1 / 5 2.研究の詳細
プロジェクト 名
体落としのバイオメカニクス的解析 ―柔道初級者の効果的な指導法の確立―
プロジェクト
期間 令和2年9月1日(火) ~ 令和3年3月31日(水)
申請代表者
(所属等)
楢﨑 教子
(保健体育ユニット)
共同研究者
(所属等)
清水 知恵 (保健体育ユニット)
本多 壮太郎 (保健体育ユニット)
①研究の目的
本研究では、柔道の初級者に正しい技術を習得させるため、柔道の修業年数10年以上の中級者(男子3名)

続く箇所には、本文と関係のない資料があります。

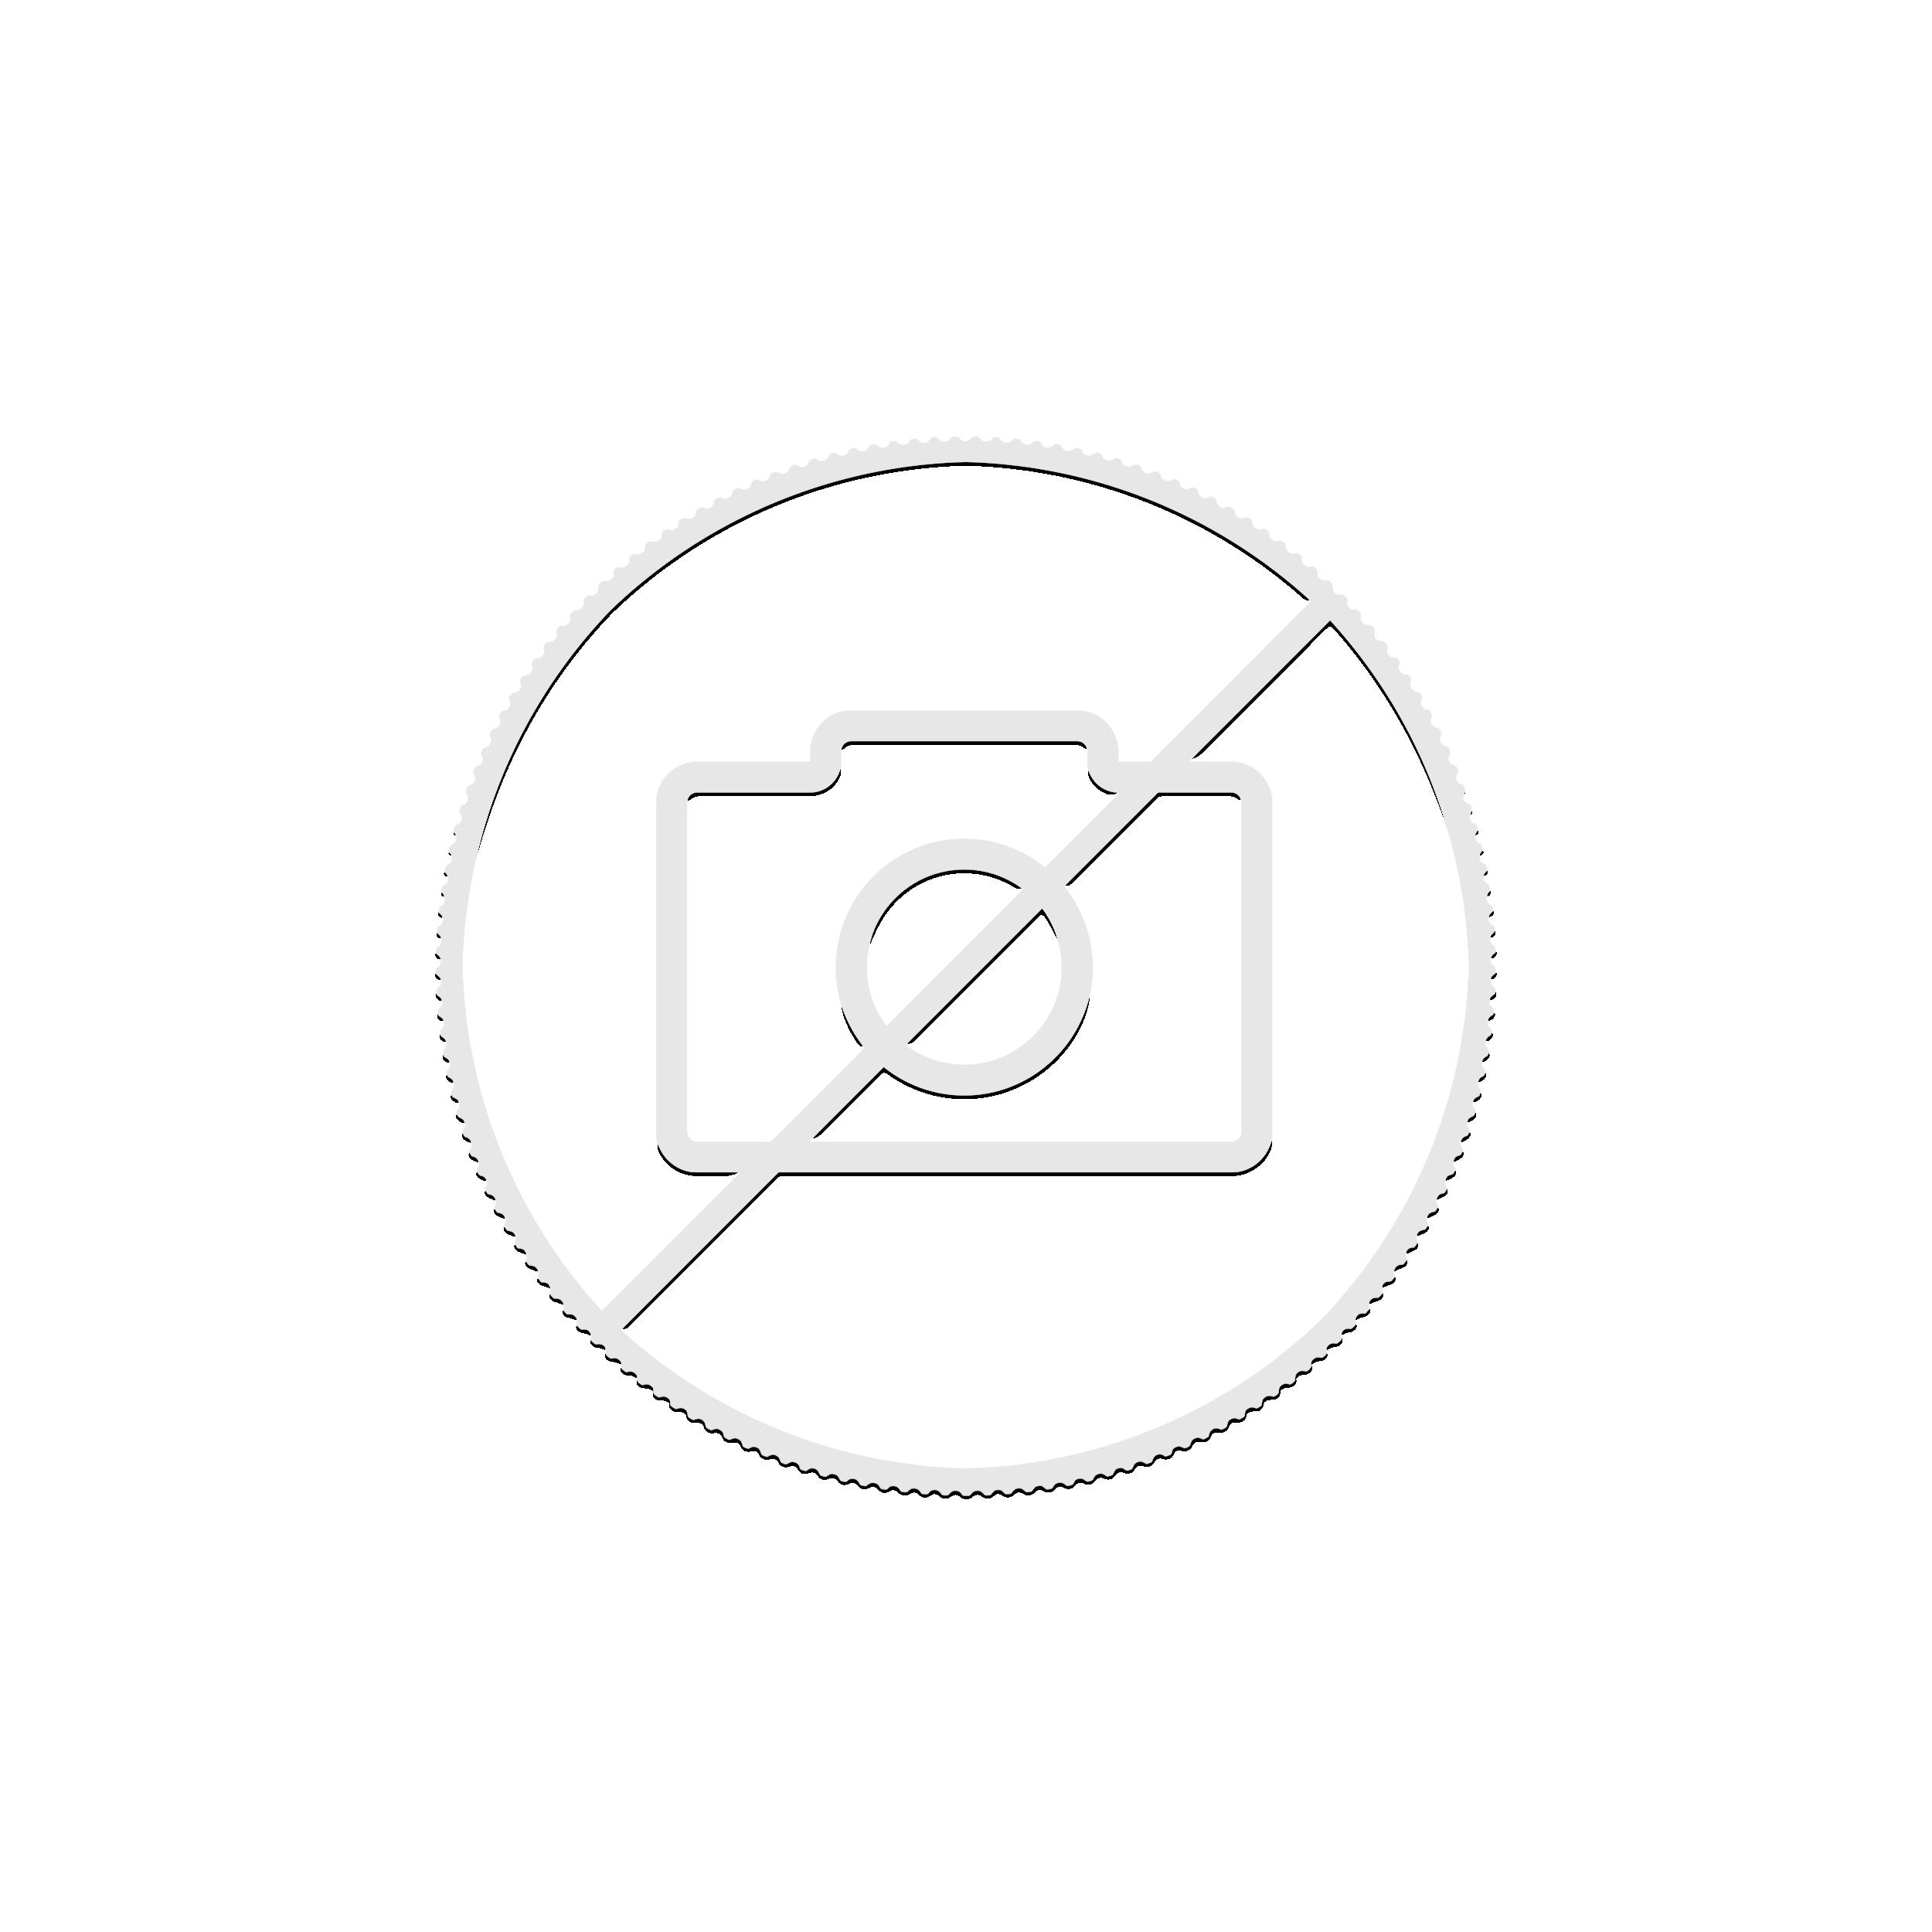 1/4 Troy ounce gold Krugerrand coin 2021
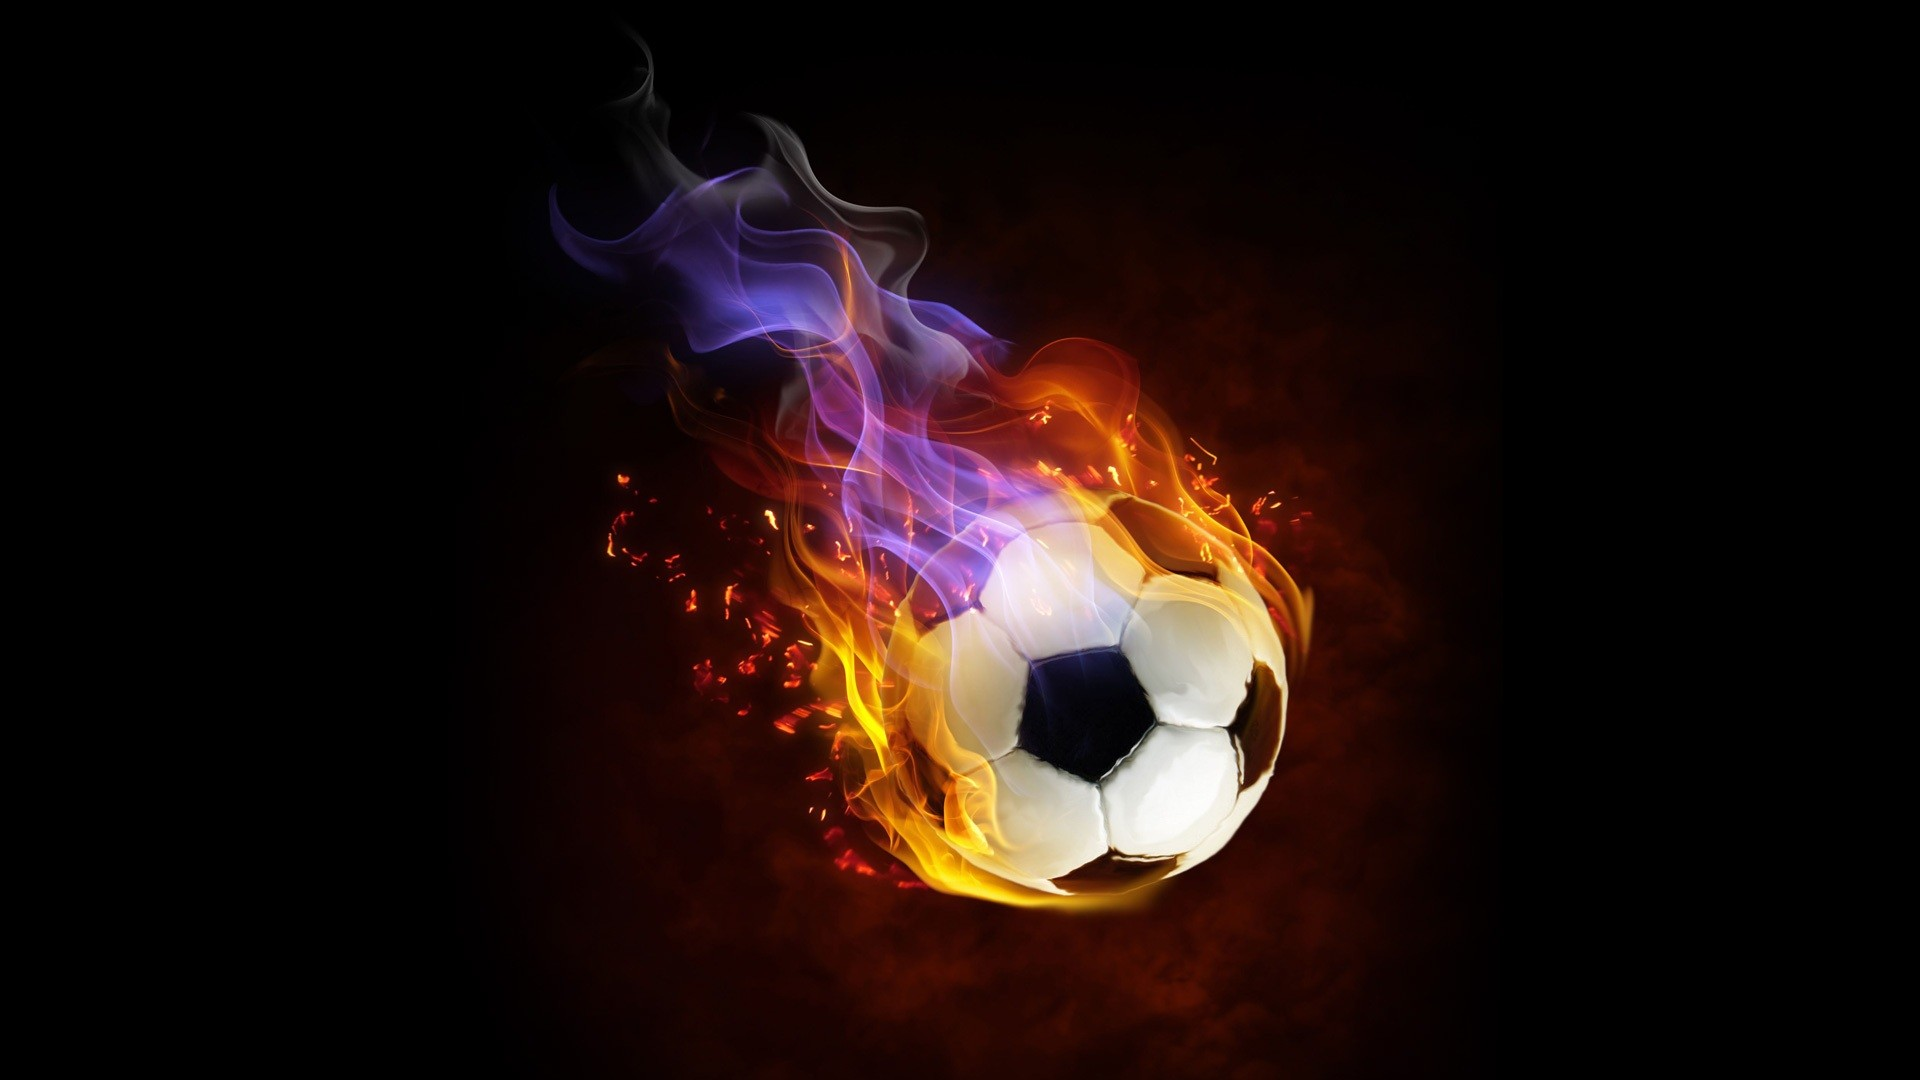 Cool Flaming Soccer Ball Wallpaper Soccer/football

を対象に、投げ技の 1 つである体落としの動きを定量的に分析することを試みた。また、柔道の修業年数 15 年以上で、オリンピックや世界選手権などの国際レベルでの競技経験を有する一流柔道選手の主観的情報 を得るため、体落としのコツや動きの意識、コツ獲得までのプロセスなどに関するインタビュー調査を実 施し、暗黙知を形式知化(言語化、数値化、可視化)することにより、柔道の初級者だけでなく、ジュニア 期の競技者や指導者にとって有用な練習方法や指導法を導き出すことを目的とした。
②研究の内容
柔道の投げ技の1つである体落としは手技に分類され、相手を水平方向に崩して投げる技である。同じく手 技に分類される背負い投げは、相手の懐に入り込み垂直方向に崩して投げる技である(図1参照)。体落としは 相手との身体接触が少なく、返されにくいという特性を持ち、自分の身体が回転軸の起点となり、相手を回転軸 の外へ弾き飛ばす遠心力の作用を生かした効率のよい技である。そのため、中学校学習指導要領(平成29年告 示)解説における柔道の技能の学習段階の例として、体落としは投げ技のまわし技系に分類され、中学校1・2 年生で習得する技に挙げられている。
図1 体落とし(上)と背負い投げ(下)の技の理合い
柔道の技術指導の難しい点は、指導者が体得した投げ技のポイントやコツを学習者に伝達することである。学 習者は、指導者の指導助言と学習者の身体感覚を頼りに技術の修正に取り組むが、実際には足の位置や姿勢が
10~20㎝程度ずれている場合がある。学習者の身体感覚と実際の動きにずれが生じるのは、視線が定まってい
ないことが一因として考えられる。視線は、学習者の姿勢や重心位置に変化を生じさせ、視線が変化することに よって動きも定まらないことが推察される。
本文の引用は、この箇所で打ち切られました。